# Spannungsteiler.....



## JoeDevola (28. Juli 2004)

Hallo!

Ich habe ein Problem mit der Berechnung der Spannung. Kann mir da vielleicht jemand helfen? Danke


----------



## BeaTBoxX (29. Juli 2004)

Hm naja das machst du am einfachsten indem du Ersatzwiderstände  formulierst. Einmal fuer die grosse Parallelschaltung rechts ( Hab ich RE1 genannt) und einmal fuer den unteren Zweig der Parallelschaltung (bei mir RE2)

Dann kannste rel. einfach die Gleichungen aufstellen:

Rgesamt = R1 + RE1

RE1 = R2 || RE2  = ( R2*RE2 ) / ( R2+ RE2 ) 

RE2 = R3 + (R4 || R5 ) = R3 + (R4*R5) / (R4+R5 )


Dann der grosse Spannungsteiler:

Uab  / Rgesamt  =  U2 / RE1.


Und der kleine:

U2 / RE2  = U4 / (R4 || R5).

Demnach:

U2  = Uab *RE1 / Rgesamt  


und 

U4 =( R4 || R5 )*U2  /  RE2.


Jetzt mit Werten -> rückwaerts rechnen und einsetzen

RE2 = R3 + (R4 || R5 ) = R3 + (R4*R5) / (R4+R5)  = 20 Ohm 
(ausrechnen dann einsetzen und damit RE1 ausrechnen) 

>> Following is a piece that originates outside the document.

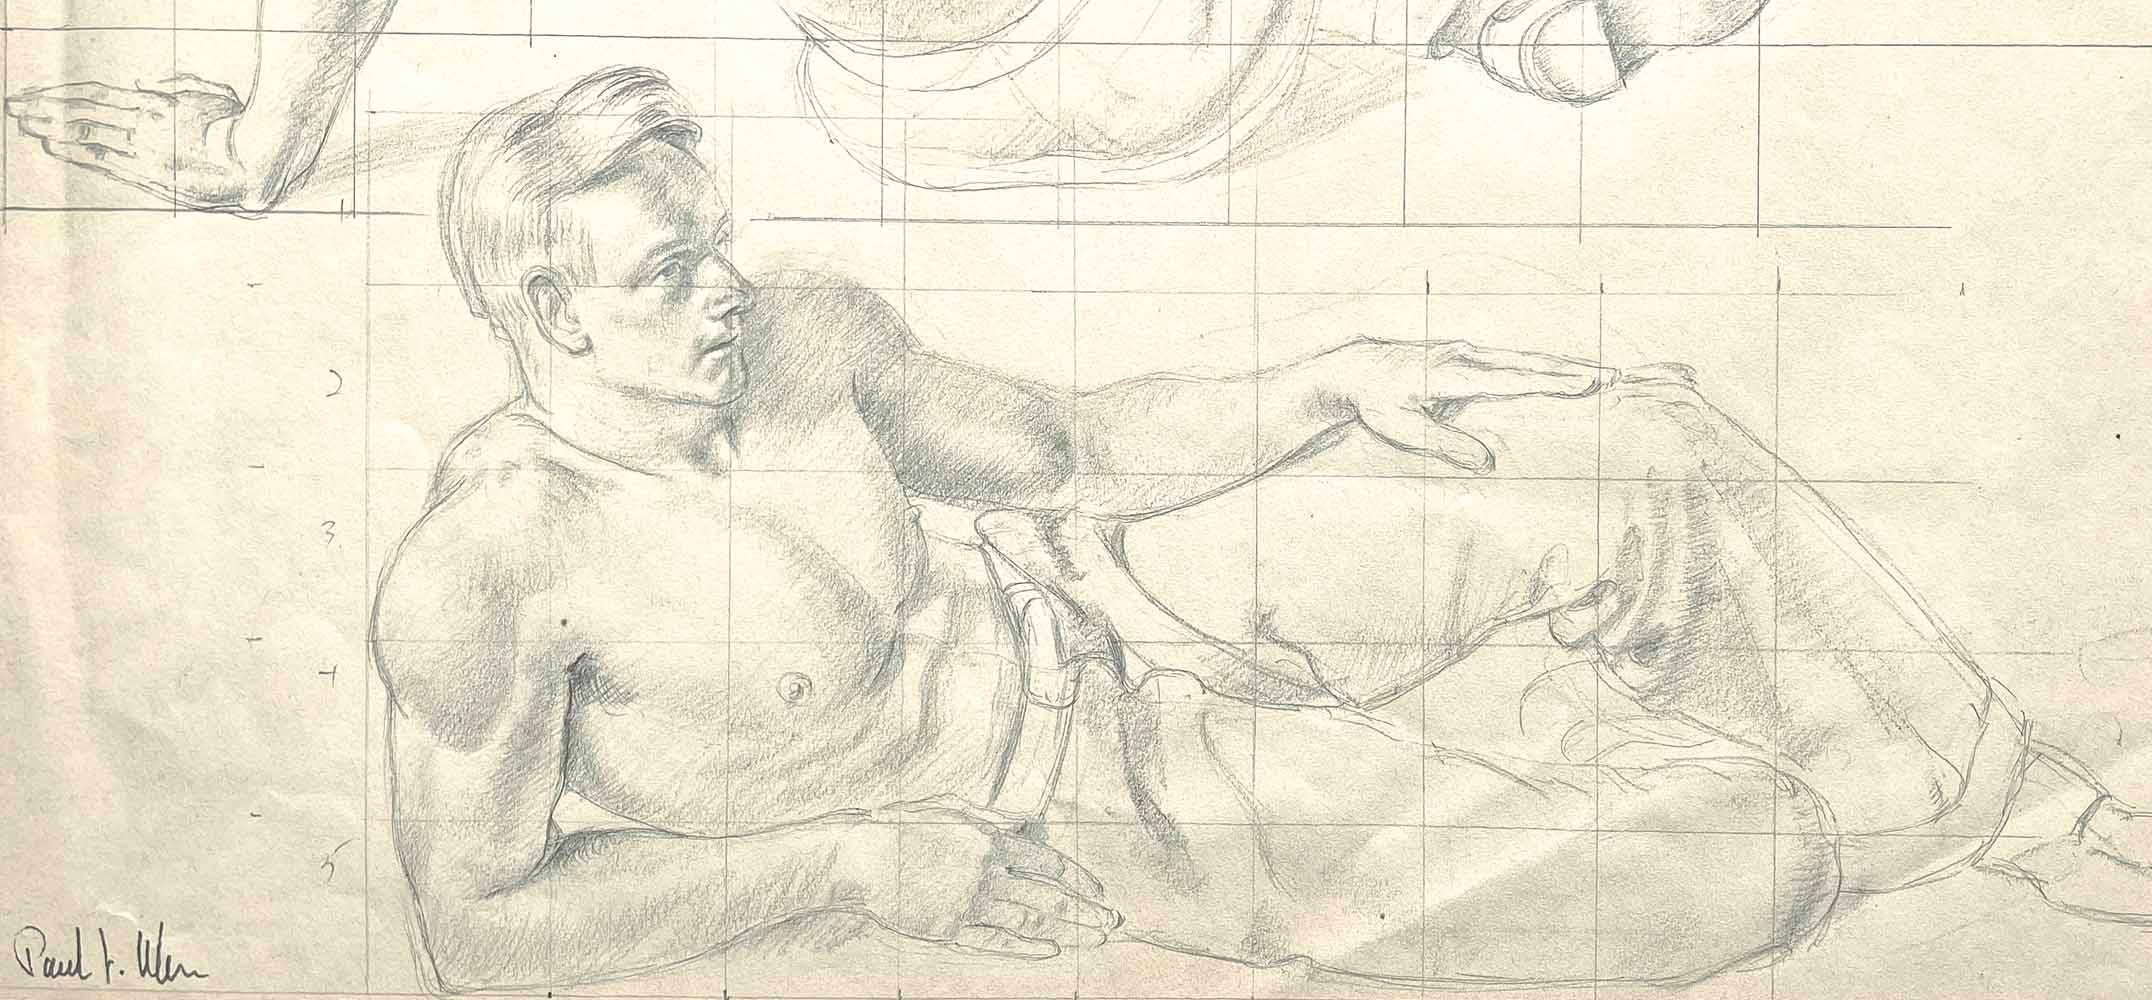 Dessinée avec beauté et sensibilité par Paul Ulen, cette feuille unique comprend deux images d'un personnage masculin à moitié nu, assis et allongé, portant un pantalon de travailleur ample et arborant une coupe de cheveux à la mode des années 1930.

RE1 = R2 || RE2  = ( R2*RE2 ) / ( R2+ RE2 )  = 10 Ohm 
(damit Rgesamt berechnen)

Rgesamt = R1 + RE1 = 20 Ohm

Nun die Spannungen:

U2 = 20 V * 10Ohm / 20Ohm = 10V

U4 =  15 Ohm * 10 V / 20Ohm = 7.5 V

So. Ich hoffe ich hab jetzt keinen Leichtsinnsfehler gemacht.

Gruß
Frank


----------



## JoeDevola (29. Juli 2004)

OK, danke! 
Hab es jetzt nochmal selbst probiert und bin auch auf dein Ergebnis gekommen!


----------